┌─ Entries shown

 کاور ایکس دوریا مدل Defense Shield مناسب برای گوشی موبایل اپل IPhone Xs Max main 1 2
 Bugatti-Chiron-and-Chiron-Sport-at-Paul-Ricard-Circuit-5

└─
┌─ Entries shown

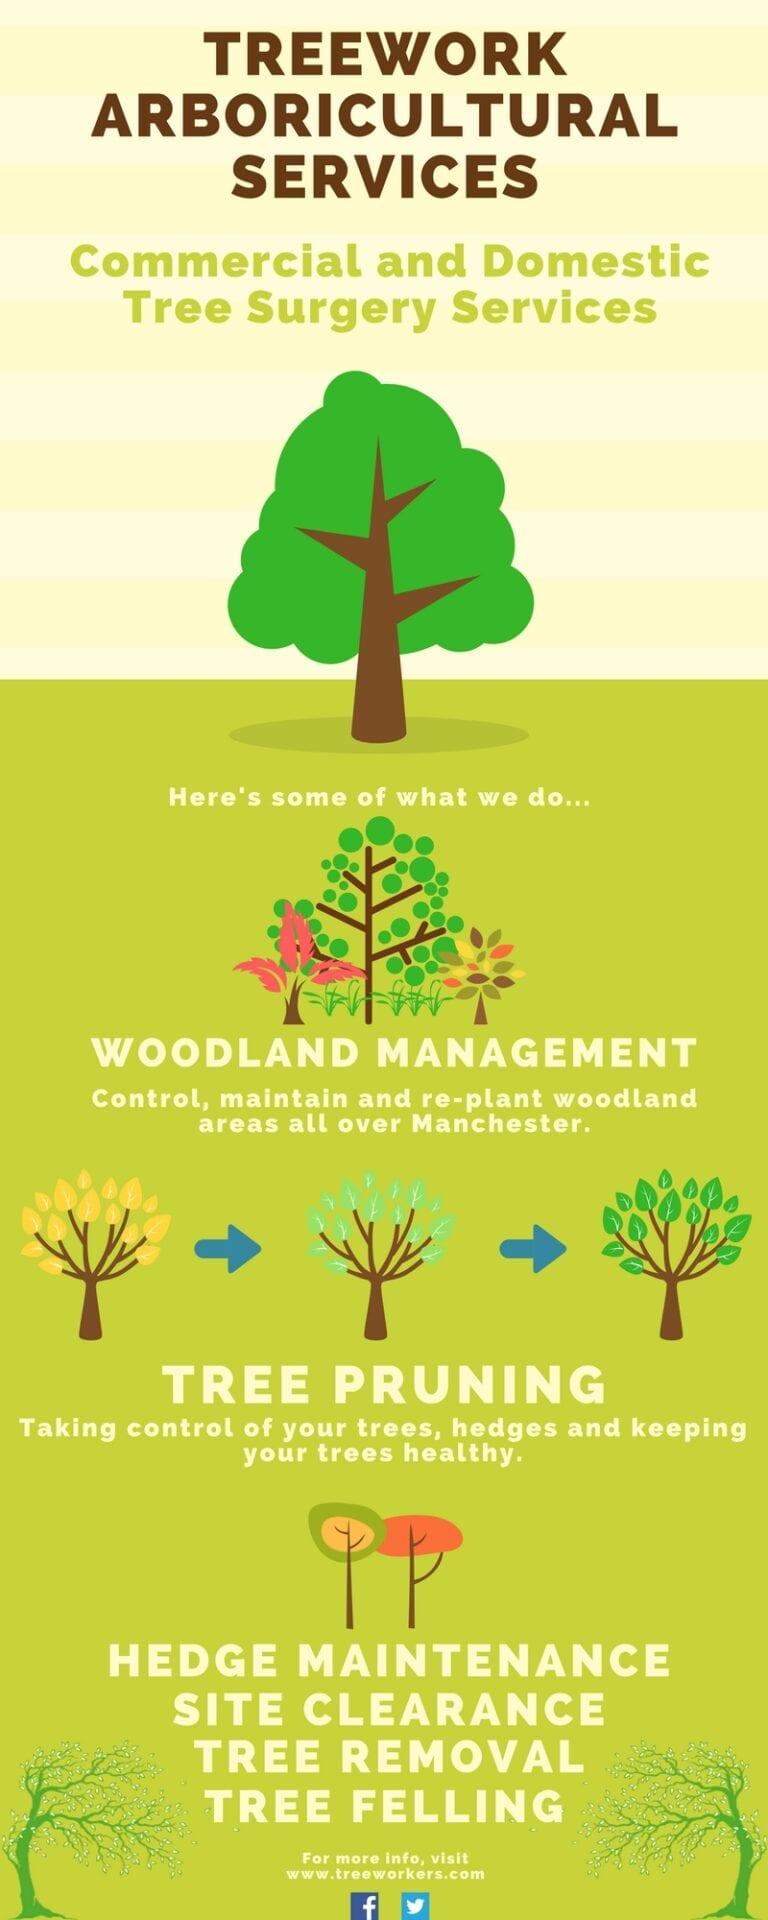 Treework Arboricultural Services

└─

**Problem to solve**
Since only part of the listing is wanted, copy exactly the lines from the one holding "کاور ایکس دوریا" to the one holding "Bugatti-Chiron-and-Chiron-Sport-at-Paul-Ricard-Circuit-5", both included.

**Response box**
 کاور ایکس دوریا مدل Defense Shield مناسب برای گوشی موبایل اپل IPhone Xs Max main 1 2
 Bugatti-Chiron-and-Chiron-Sport-at-Paul-Ricard-Circuit-5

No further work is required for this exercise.